Fig. 1 is a schematic flow chart of a method for saving energy of a motor according to an embodiment of the present application.

Fig. 2 is a schematic diagram of a system analysis process provided in the embodiment of the present application.

Fig. 3 is a schematic structural diagram of an energy saving device for a motor according to an embodiment of the present application.

Fig. 4 is a schematic structural diagram of an electronic device according to an embodiment of the present application.

Detailed Description

The present application is described in further detail below with reference to the accompanying drawings.

The present embodiment is only for explaining the present application, and it is not limited to the present application, and those skilled in the art can make modifications of the present embodiment without inventive contribution as needed after reading the present specification, but all of them are protected by patent law within the scope of the claims of the present application.

The basic principle of an electric machine is electromagnetic generation. Electromagnetic induction is that a straight metal wire passes through current, and then a circular magnetic field is generated in the space around the wire. The greater the current flowing in the wire, the stronger the magnetic field generated. The magnetic field is circular, surrounding the wire.

The motor mainly comprises a three-phase asynchronous motor and a rare earth permanent magnet synchronous motor, wherein the three-phase asynchronous motor can be divided into a cage type and a winding type according to different rotor structures. The asynchronous motor of the cage rotor has simple structure, reliable operation, light weight and low price, is widely applied, and has the main defects of difficult speed regulation, the rotor and the stator of the wound three-phase asynchronous motor are also provided with three-phase windings and are connected with an external rheostat through a slip ring and an electric brush, and the starting performance of the motor and the rotating speed of the motor can be improved by adjusting the resistance of the rheostat; the rare-earth permanent magnet synchronous motor belongs to a synchronous motor, the rotor realizes rare-earth, so the motor has no Slip (Slip, S) and no electricity excitation, the rotor has no loss of fundamental iron and copper, the rotor is excited by a permanent magnet and does not need reactive excitation current, so the power factor is improved, the reactive power is reduced, the stator current is greatly reduced, the stator copper loss is greatly reduced, and the rare-earth permanent magnet motor has a smaller volume than an asynchronous motor, so the iron loss is small and the mechanical loss is correspondingly reduced. In the motor system, in order to prolong the service life of the motor, a soft start cabinet and a frequency conversion cabinet are additionally arranged at the front section of the motor.

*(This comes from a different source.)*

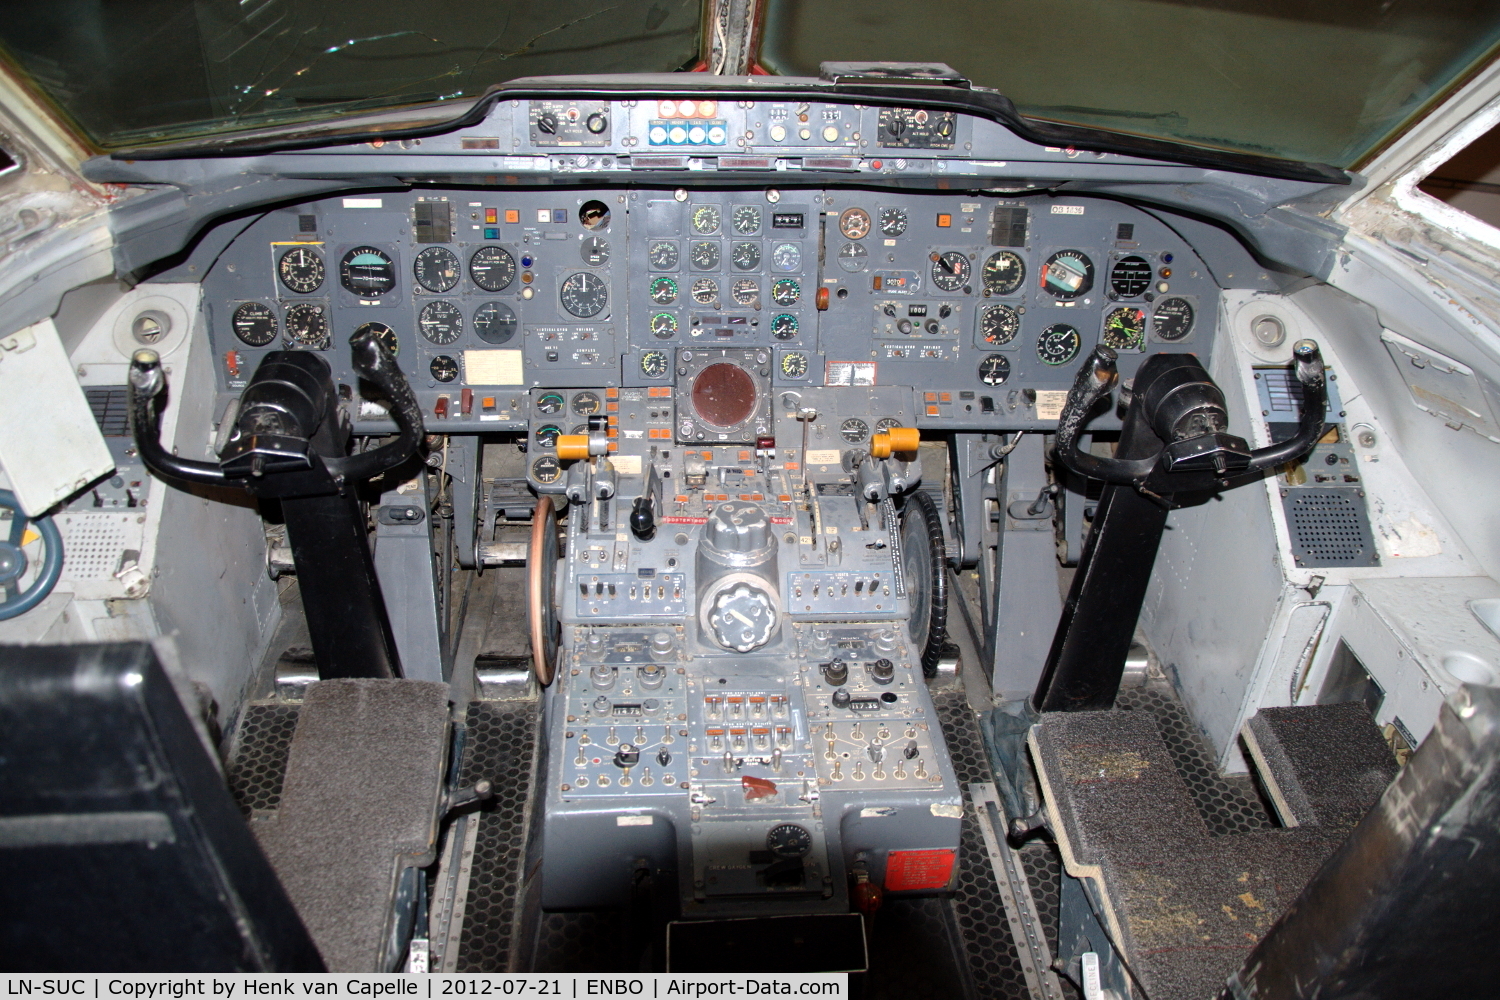 LN-SUC, 1969 Fokker F.28-1000 Fellowship C/N 11009, The cockpit of the Fokker F.28, which is preserved in its original delivery colourscheme of Braathens SAFE in the Norsk Luftfartsmuseum at Bodø Airport, Norway.

In order to save electricity, the three-phase asynchronous motor is changed into a rare earth permanent magnet synchronous motor, but still has a plurality of problems.

In production, a plurality of motors do idle work, if the rotation of the motor to be started and stopped is manually controlled on site, the motor to be started and stopped is remotely controlled, the rotation number is automatically reduced when the motor does not do work, so that the aim of saving energy is fulfilled, in order to solve the problems existing in a motor system, the embodiment of the application determines the motor which does idle work in each production line by adopting system logic analysis in the system, reduces the rotation number of the motor which does idle work, and even controls the motor which stops doing idle work to rotate, so that the energy saving of the motor is realized.

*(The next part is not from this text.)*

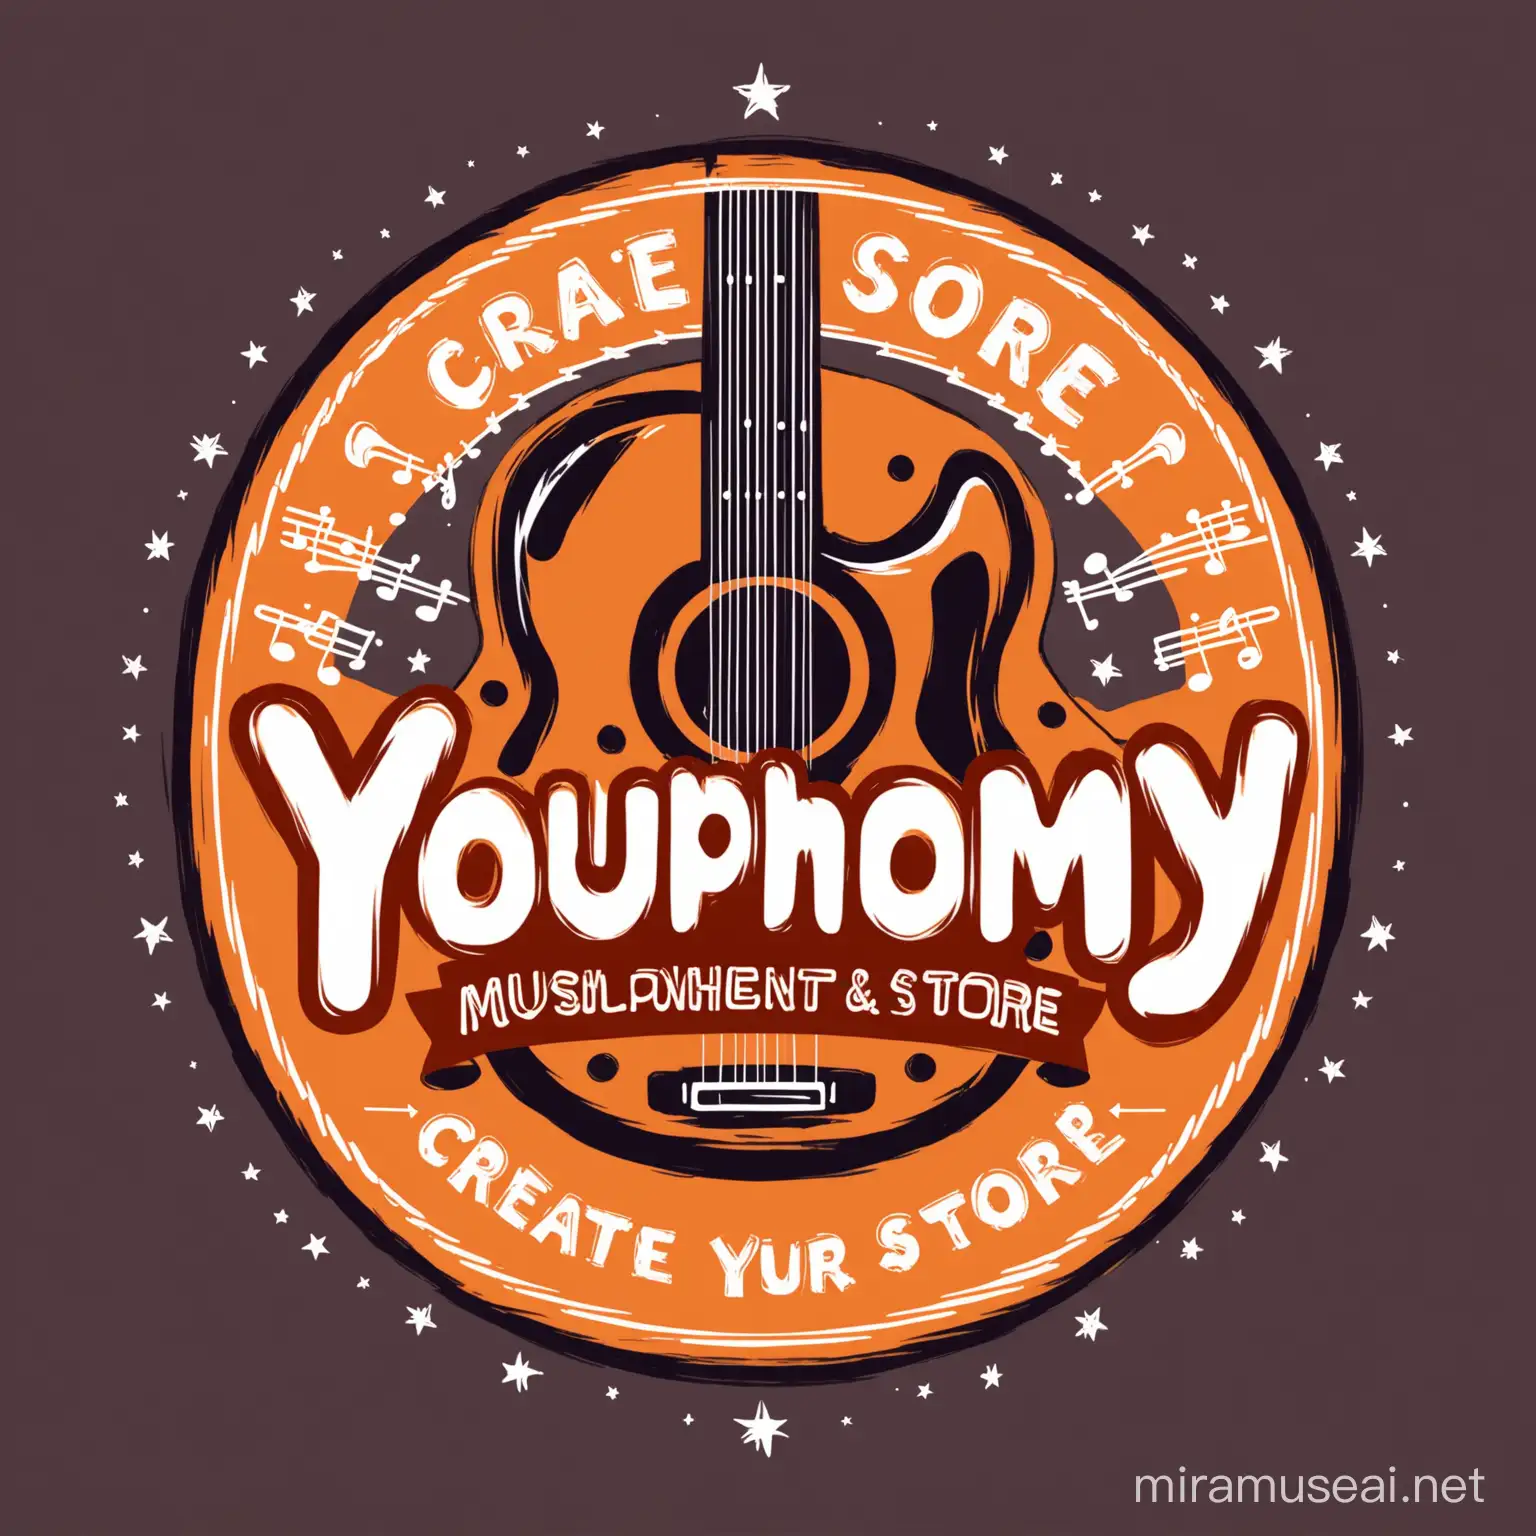 make a logo for a music store (musical instrument store or guitar store) called "YOUPHONY" with a slogan "Create Euphony Your Own Way"

In order to make the objects, technical solutions and advantages of the embodiments of the present application clearer, the technical solutions in the embodiments of the present application will be clearly and completely described below with reference to the drawings in the embodiments of the present application, and it is obvious that the described embodiments are some embodiments of the present application, but not all embodiments. All other embodiments obtained by a person of ordinary skill in the art based on the embodiments in the present application without making any creative effort belong to the protection scope of the present application.

In addition, the term "and/or" herein is only one kind of association relationship describing an associated object, and means that there may be three kinds of relationships, for example, a and/or B, which may mean: a exists alone, A and B exist simultaneously, and B exists alone. In addition, the character "/" herein generally indicates that the former and latter associated objects are in an "or" relationship, unless otherwise specified.

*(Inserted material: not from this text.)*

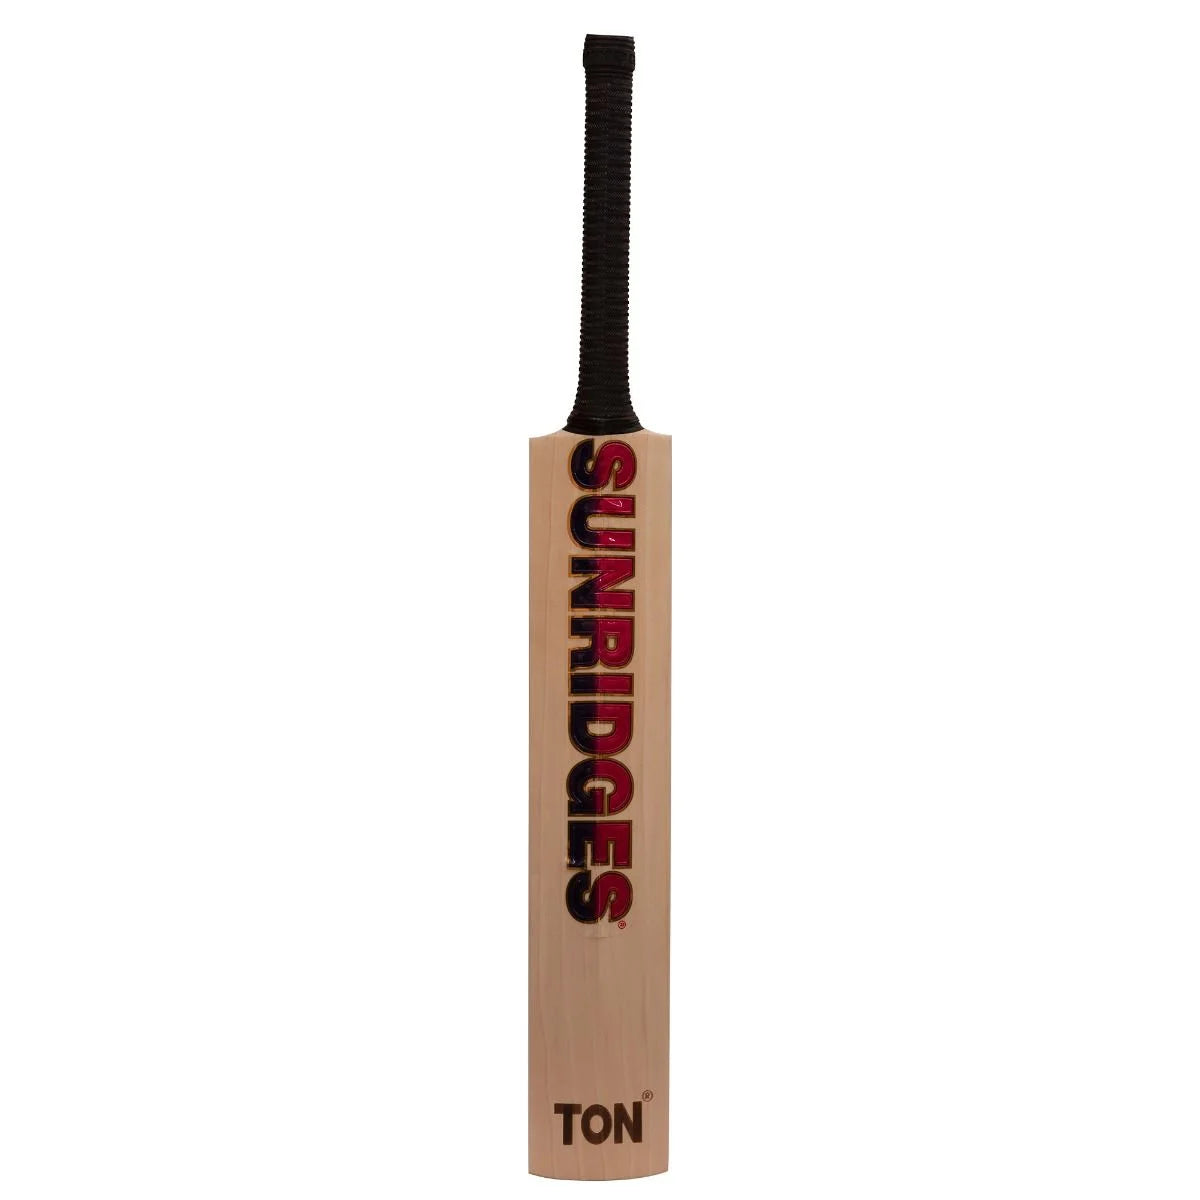 SS VINTAGE FINISHER 7 ENGLISH WILLOW CRICKET BAT 2023

The embodiments of the present application will be described in further detail with reference to the drawings attached hereto.

The embodiment of the application provides a method for saving energy of a motor, which is executed by an electronic device, wherein the electronic device can be a server or a terminal device, wherein the server can be an independent physical server, a server cluster or a distributed system formed by a plurality of physical servers, and a cloud server for providing cloud computing service. The terminal device may be a smart phone, a tablet computer, a notebook computer, a desktop computer, and the like, but is not limited thereto, the terminal device and the server may be directly or indirectly connected through a wired or wireless communication manner, and the embodiment of the present application is not limited thereto, where as shown in fig. 1, the method may include:

s1, obtaining current power utilization data corresponding to each motor on each production line and the relation of each motor on each production line.

For the embodiment of the application, the motor data acquisition device can acquire current power consumption data corresponding to each motor on each production line in real time, also can acquire current power consumption data corresponding to each motor on each production line at preset intervals, and also can acquire current power consumption data corresponding to each motor on each production line when a trigger instruction of a user is detected, and no limitation is made in the embodiment of the application.

Further, in order to analyze the motors acting as idle work in each production line, the electronic device may obtain, in real time, current power consumption data corresponding to each motor in each production line from the motor data acquisition device, may also obtain, at specific intervals, current power consumption data corresponding to each motor in each production line from the motor data acquisition device, and may also obtain, when a detection instruction of the idle work motor triggered by a user is detected, current power consumption data corresponding to each motor in each production line from the motor data acquisition device, and store the current power consumption data corresponding to each motor in each production line through the cloud storage device, which is not limited in this embodiment of the application.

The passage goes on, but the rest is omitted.